As I navigated my day yesterday, I crossed paths with a dad who sounded like he could use a little moral support. I met this dad while I was running my daycare and I still have his child's Daycare Information Sheet (a form I had each parent fill in, so I would have likes/dislikes; medical/emergency contact information; and simply any kind of knowledge to help me get to know the child). Of all the information sheets I collected over the years, this dad's compilation of information stood out. He adored his child, knew him so well and his world revolved around being the best dad he could be for his (then) four year old child.

I took a picture of this sheet the dad filled out 18 years ago and sent it to him. His response was one that I think all parents should keep in their parenting handbook and remind themselves of when the going gets tough:

"I really miss those days. So I need to make decisions knowing that someday I'll think about today and say 'I really miss those days' ".

The most profound parenting wisdom I've ever heard. It applies to parenting as it does to simply living life on a daily basis.

Wednesday, April 17, 2019

What Mom Didn't Tell Me

"Aging is not for the weak of heart" is a sentiment I hear, feel and see a lot of lately. One's body changes, a hip or knee goes awry, bones become more prone to breaking, memories may fail, hearing and eyesight is often affected, independence may be lost, housing situations may change, a good night's sleep is often a thing of the past and a myriad of illnesses may or may not be diagnosed, changing the way one lives their life.

Mom was not one who liked to speak of any of the above. I can think of numerous occasions where she would simply scoff and make a comment that made one aware that she couldn't remember the last time she had a good night's sleep. 

Mom simply didn't complain of ill health until she had reached a state where medical intervention was required. Other than her "funny head" we heard very little about aging from Mom. There was ONE time when she leaned in to tell me something I knew was going to be important. 

We must have been speaking of personal grooming, shaving legs and such. In a very hushed tone, she told me "Something you rarely hear, is that your hair stops growing at some point ...", which was translated to mean that eventually you don't have to shave your legs. 

I smiled to myself and recalled this very personal conversation with Mom when I reached the point of not needing to shave my legs. I kept up the habit for a while, then winter arrived and I let things slide.
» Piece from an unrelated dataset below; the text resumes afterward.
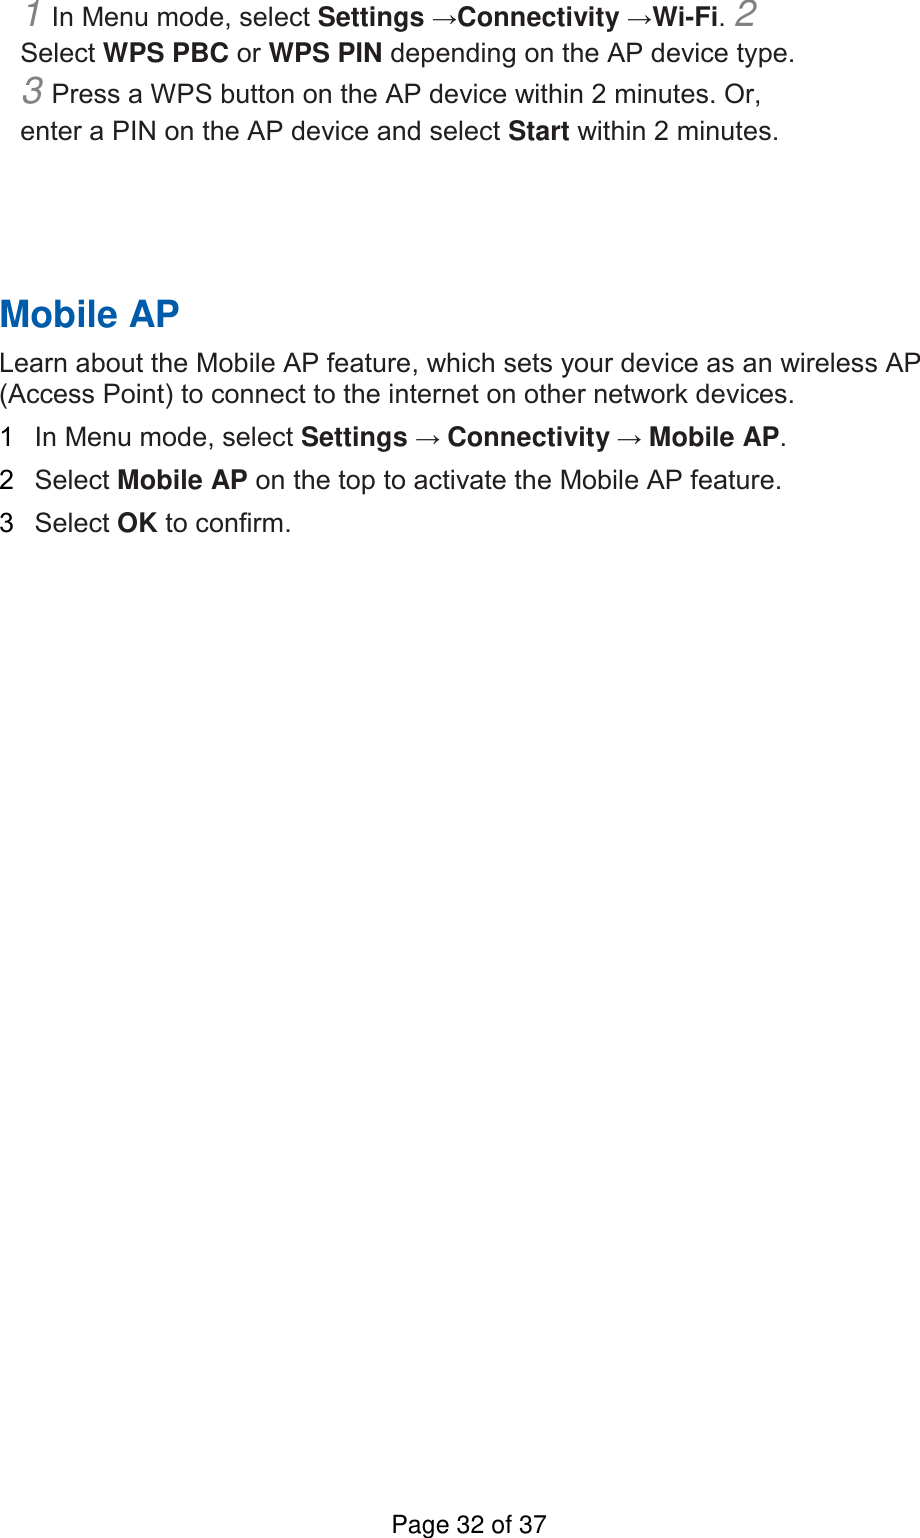 1 In Menu mode, select Settings →Connectivity →Wi-Fi. 2 Select WPS PBC or WPS PIN depending on the AP device type. 3 Press a WPS button on the AP device within 2 minutes. Or, enter a PIN on the AP device and select Start within 2 minutes.       Mobile AP   Learn about the Mobile AP feature, which sets your device as an wireless AP (Access Point) to connect to the internet on other network devices.   1  In Menu mode, select Settings → Connectivity → Mobile AP.   2  Select Mobile AP on the top to activate the Mobile AP feature.   3  Select OK to confirm.    Page 32 of 37

Spring has sprung and I happened to think of my winter white legs and the eventuality of having them see the light of day. Upon close examination, I found one long black hair on one leg. I thought I would have to shave after all. But I kept forgetting. Then I thought to examine my need for hair removal again and noticed one long black hair on my other leg and a short hair on the leg that sprouted the first long hair. 

I laughed to myself when I realized a razor wasn't required to shave three hairs. I pulled out the tweezers and one, two, three! I was done.

Mom never told me about this. I have reached the age where the stray hairs that grow on my chin have exceeded the hairs on my legs.